- TASK TO CARRY OUT
Start at the line below containing "Orné d'un fin" and stop at the line containing "Le chandelier avec". Repeat every line of that stretch exactly, and nothing outside it.
+++ EXTRACTED DATA
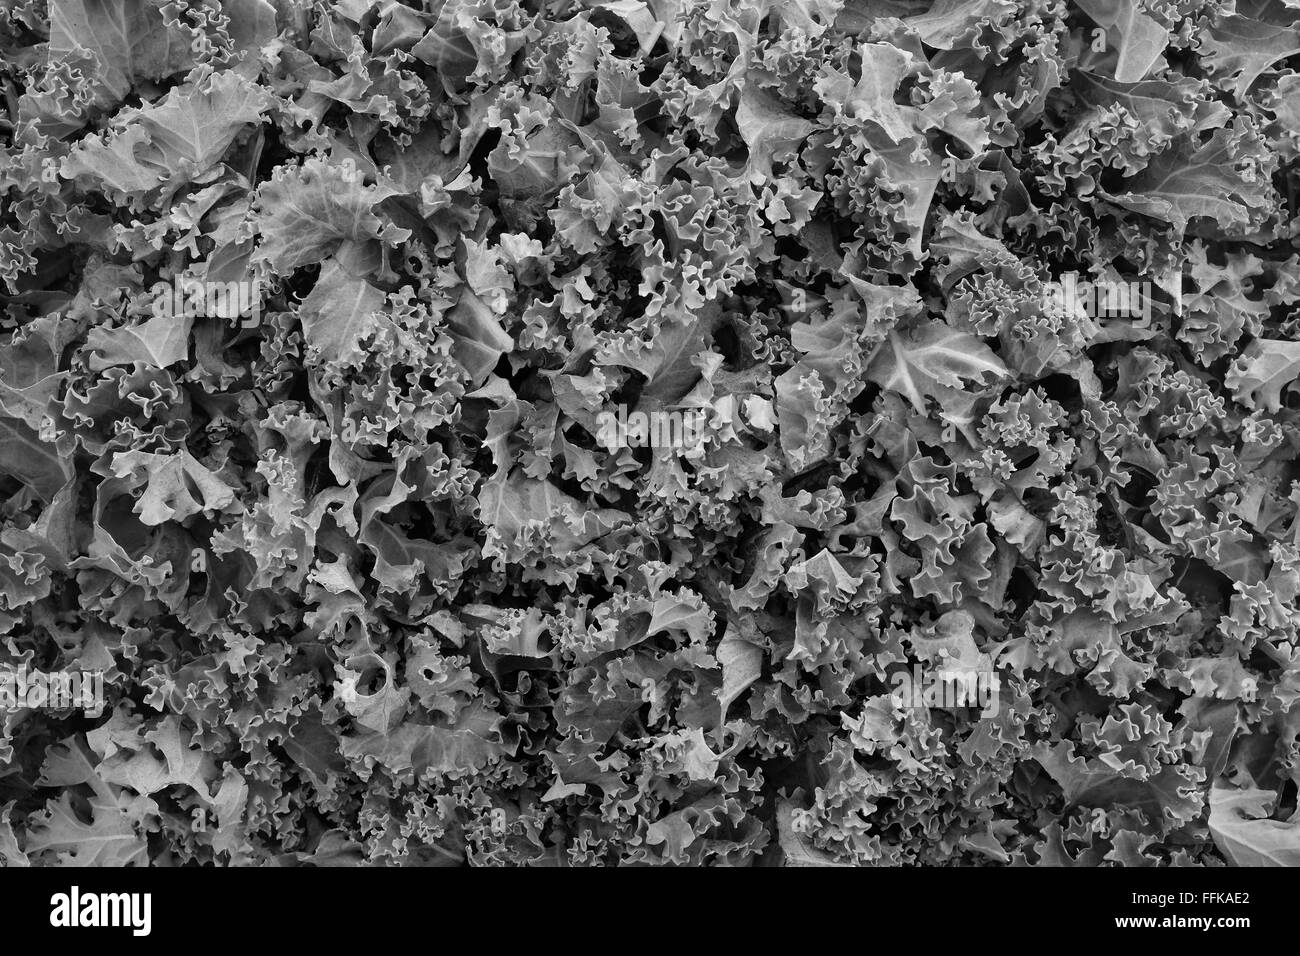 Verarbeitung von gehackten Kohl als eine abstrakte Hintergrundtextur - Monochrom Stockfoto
++++++
+++ EXTRACTED DATA
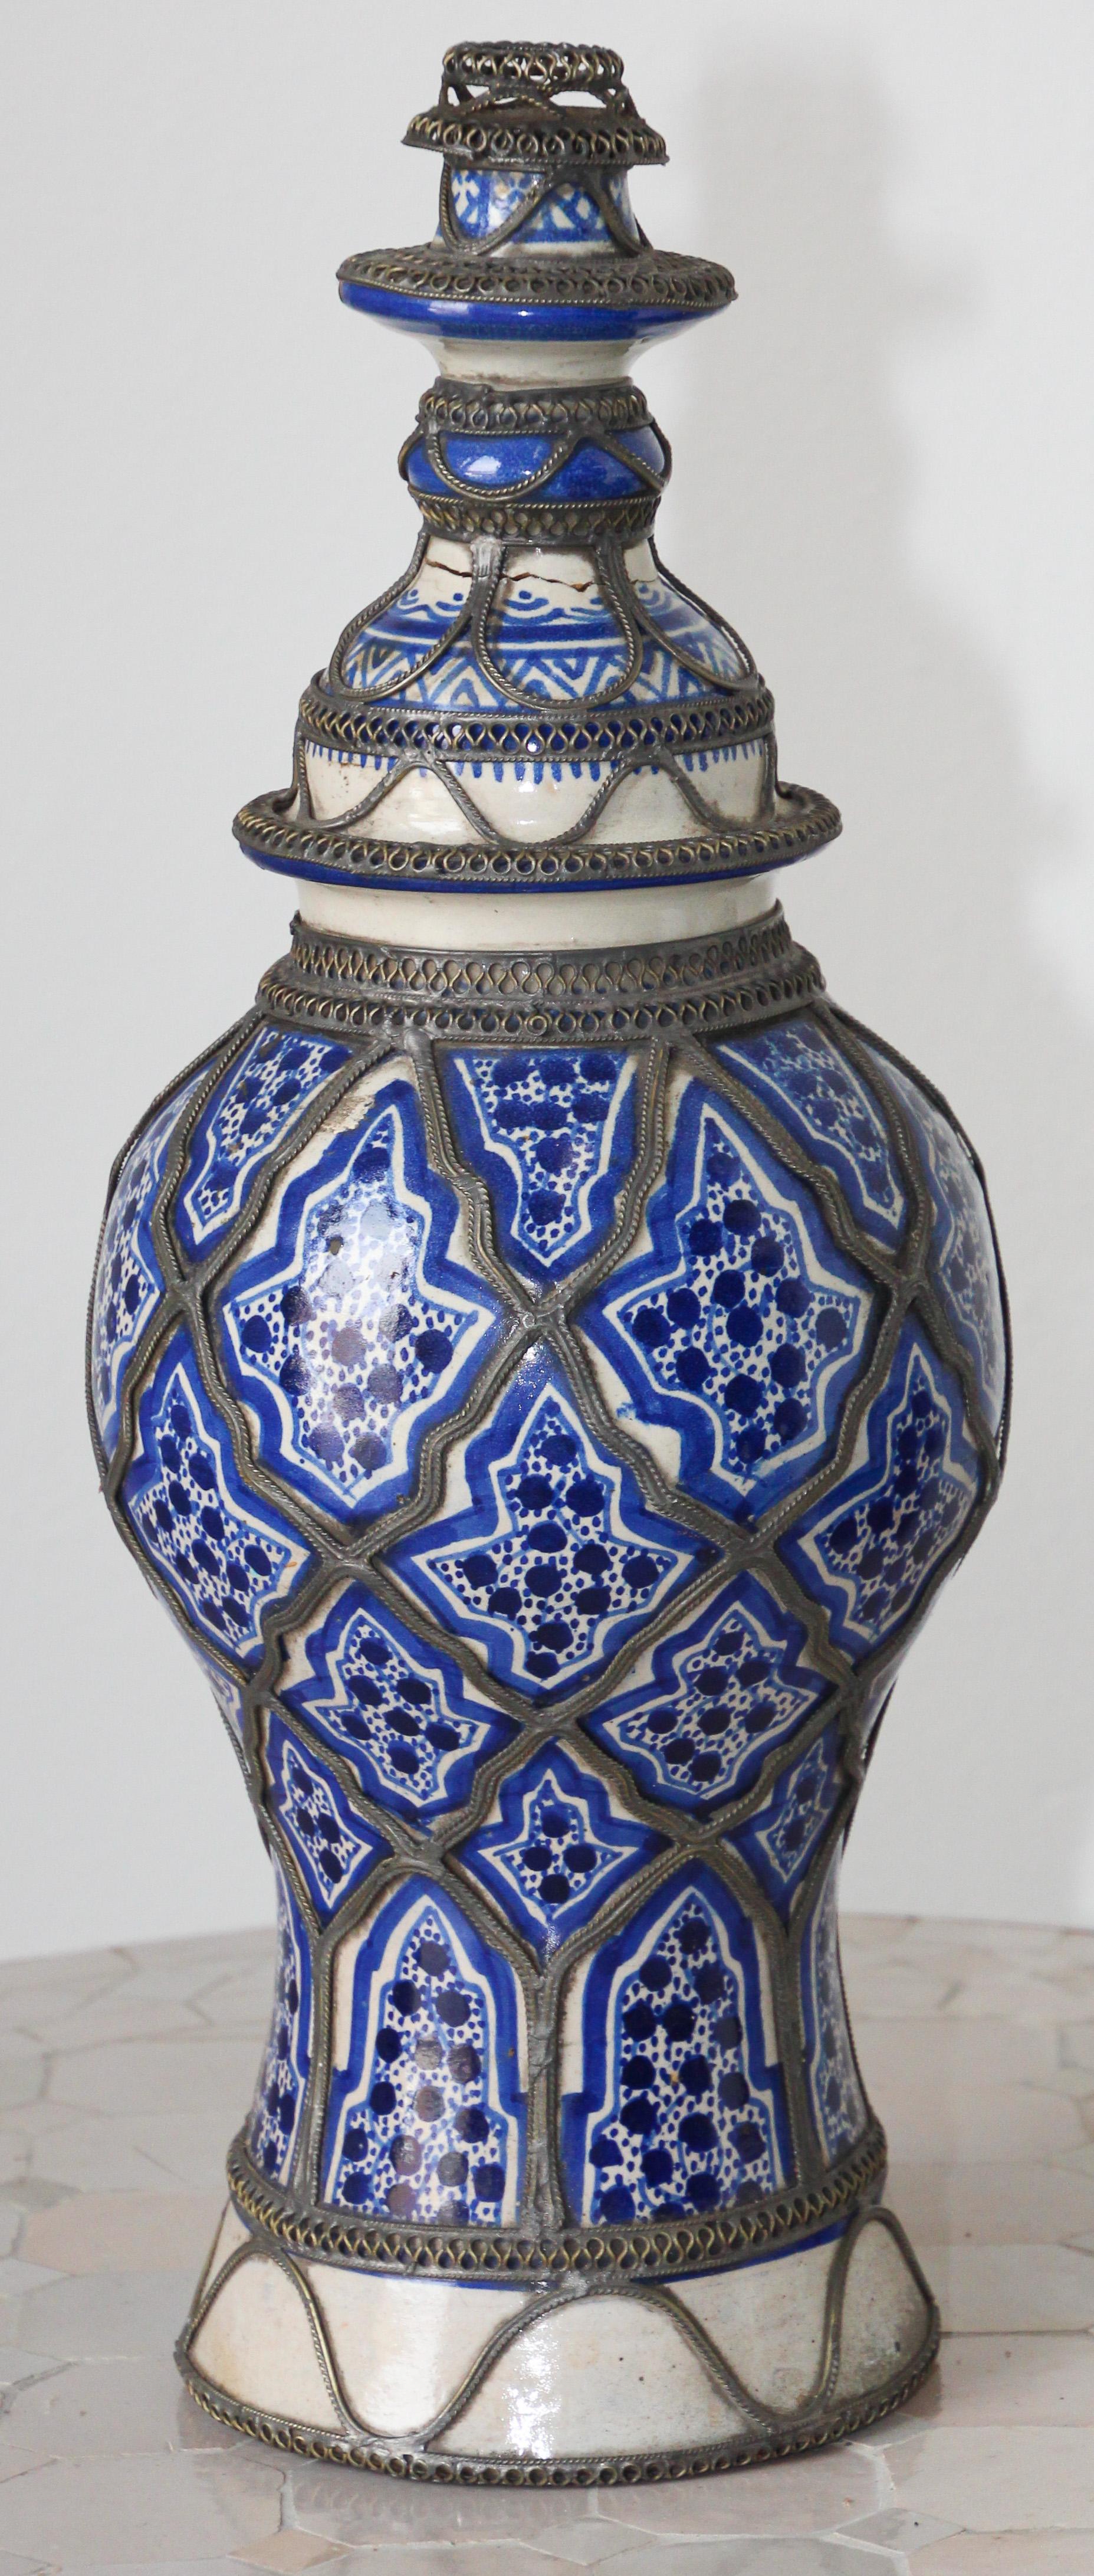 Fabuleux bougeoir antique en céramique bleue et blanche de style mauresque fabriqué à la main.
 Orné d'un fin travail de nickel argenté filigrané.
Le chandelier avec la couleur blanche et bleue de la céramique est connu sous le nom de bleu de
++++++
+++ EXTRACTED DATA
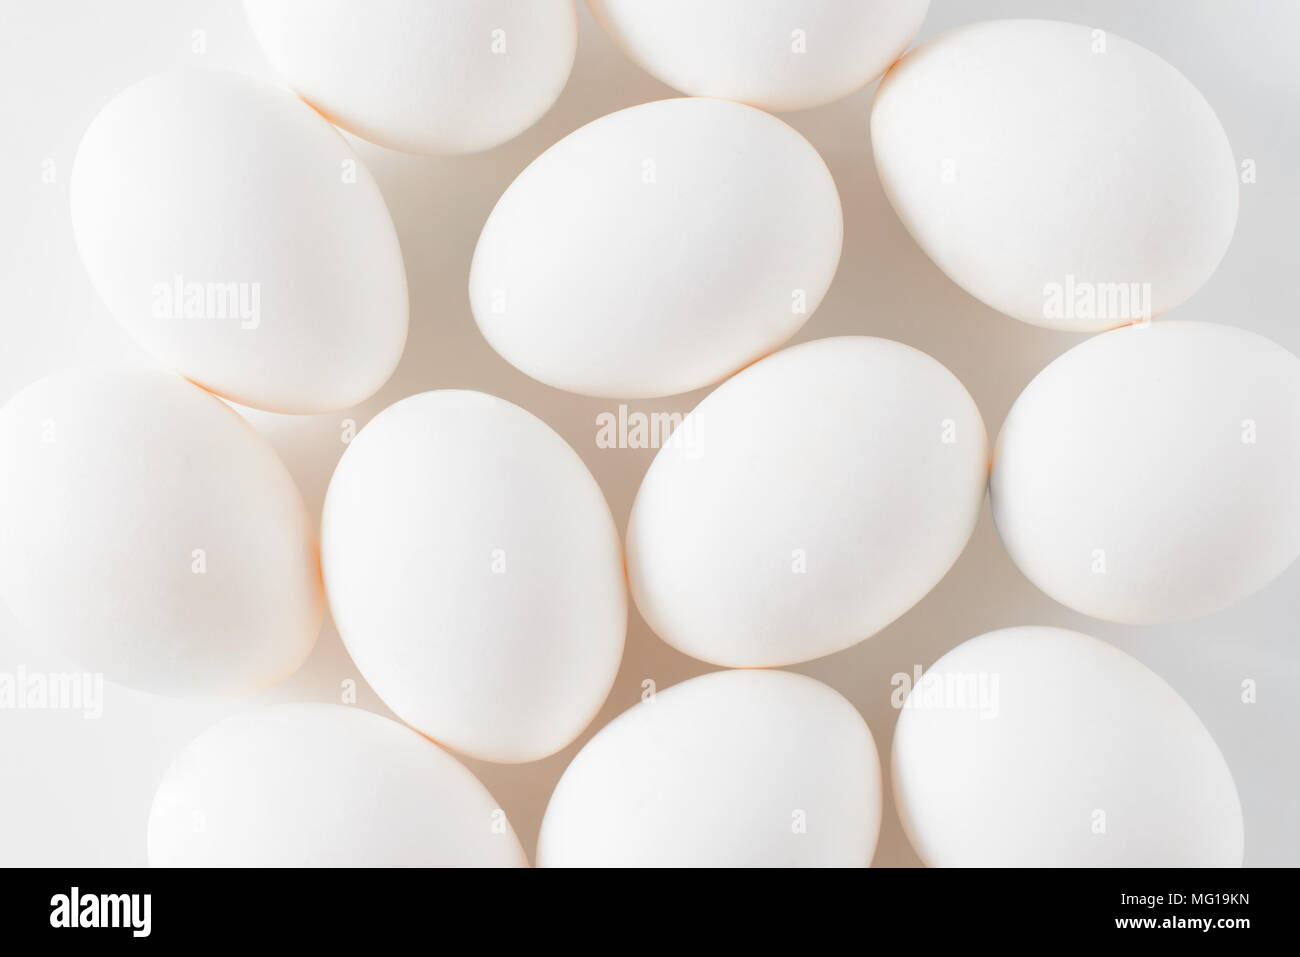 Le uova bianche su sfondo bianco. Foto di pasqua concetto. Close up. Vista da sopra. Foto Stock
++++++
- RESULT
 Orné d'un fin travail de nickel argenté filigrané.
Le chandelier avec la couleur blanche et bleue de la céramique est connu sous le nom de bleu de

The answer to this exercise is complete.